Session I - Basic Science
Antibiotic Resistance in Staphylococcal Osteomyelitis
J. Kent Ellington, MS; Mitchel B. Harris, MD; Lawrence X. Webb, MD; Beth P. Smith, PhD; Tom Smith, PhD; Michael D. Hudson, PhD; Wake Forest University Health Sciences Center, Winston-Salem, North Carolina, USA
Purpose: Staphylococcus aureus is capable of invading and persisting within osteoblasts. Antibiotic resistant strains of S. aureus are now commonplace and make successful treatment of osteomyelitis difficult. Hypothesis: Antibiotic sensitivity of S. aureus does not change after exposure to the osteoblast intracellular environment.

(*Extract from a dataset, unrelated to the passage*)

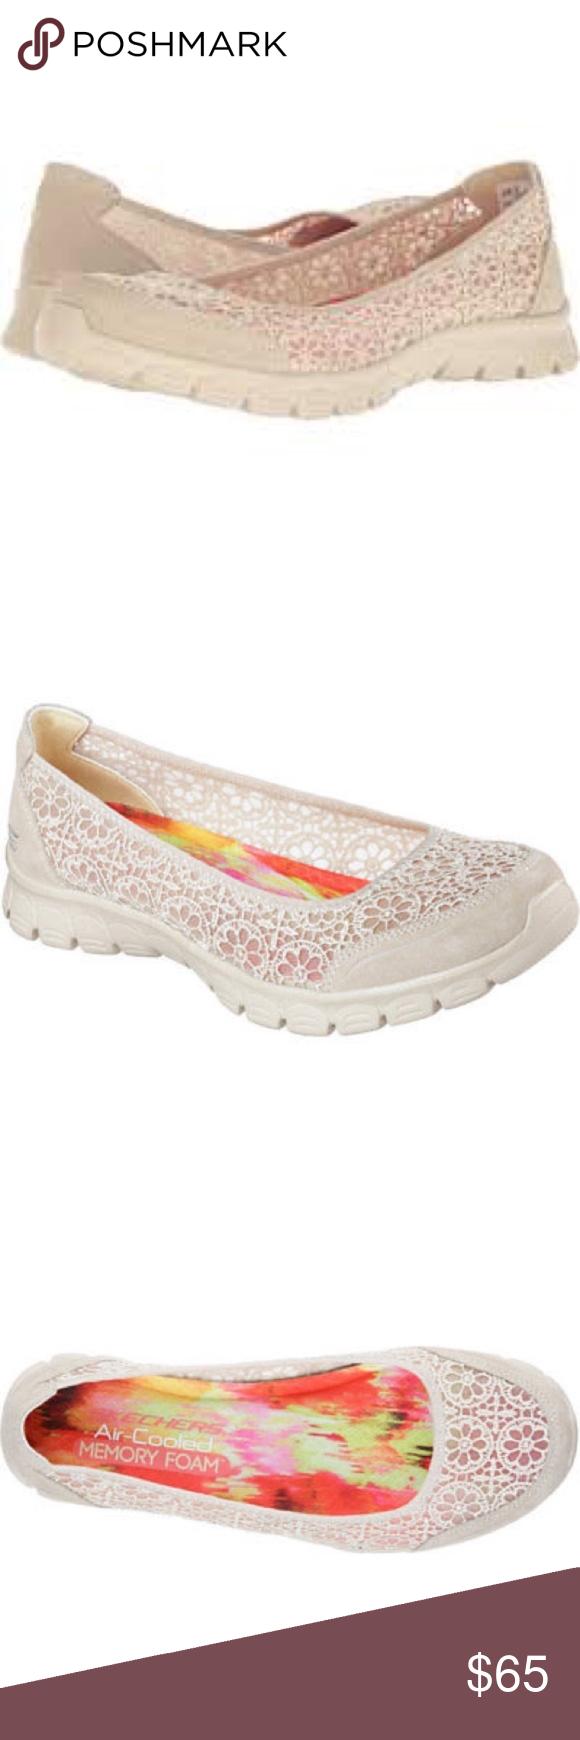 Skechers Cream Lace Memory Foam Ballet

Methods: Human osteoblast cultures were grown to maturation. Prior to infection and invasion of the osteoblasts, the minimum inhibitory concentration of both bacteriostatic (clindamycin, erythromycin) and bacteriocidal (rifampin) antibiotics capable of penetrating and accumulating within osteoblasts was calculated for a human osteomyelitic S. aureus isolate. Osteoblast cultures were then infected and the bacteria were allowed to invade. At times 0, 12, 24, and 48 hours after invasion, the osteoblasts were lysed and the intracellular organisms enumerated. At times 0 or 12 hours after invasion, antibiotics capable of penetrating the osteoblast cell membrane were added. At times 12, 24, and 48 hours after invasion, the osteoblasts were lysed and the intracellular S. aureus enumerated. In addition, both extracellular and previously intracellular S. aureus cells were examined with transmission electron microscopy.
Results: Control assays demonstrated no significant increase in the number of intracellular S. aureus recovered from human osteoblasts 12, 24, and 48 hours after invasion. Thus, the introduction of bacteriostatic drugs capable of penetrating the human osteoblasts had no apparent effect on the numbers of intracellular S. aureus. Rifampin (bacteriocidal) was effective in killing intracellular S. aureus when administered at time zero. However, when administered to the osteoblast cultures 12 hours after invasion, the bacteriocidal capacity was greatly reduced, as the numbers of recovered intracellular S. aureus closely approximated the control assays. Analysis of the transmission electron microscope images revealed the presence of structural changes to S. aureus when the bacteria were exposed to the osteoblast intracellular environment. A new bacterial "capsular material" was observed on the surface of S. aureus that was previously intracellular.
Conclusion: The results of these studies demonstrate that once S. aureus are established intracellularly within the human osteoblasts for 12 hours, they become resistant to bacteriocidal antibiotics capable of eukaryotic cell penetration. The effect of the introduction of bacteriostatic drugs that are capable of cell membrane penetration was negligible, because we did not observe an increase in the intracellular numbers of S. aureus. The increased resistance to bacteriocidal drugs could be related in part to the structural changes observed, such as the formation of a capsule. This leads to the rejection of our null hypothesis that the antibiotic sensitivities of S. aureus are unaltered by their intracellular location. Additionally, there appears to be no beneficial effect of bacteriostatic drugs in the eradication of intracellular bacteria.
Significance: Antibiotic resistance occurs through several proposed pathways. By better understanding the pathogenesis of S. aureus infection, particularly its capacity to invade and persist within human osteoblasts and its increased resistance to antibiotics once in the intracellular milieu, our ability to treat patients with osteomyelitis should improve significantly. The ability of S. aureus to invade osteoblasts protects it from the host's humoral immune response and conventional antibiotic therapy. This may help explain the chronic and unpredictable nature of osteomyelitis.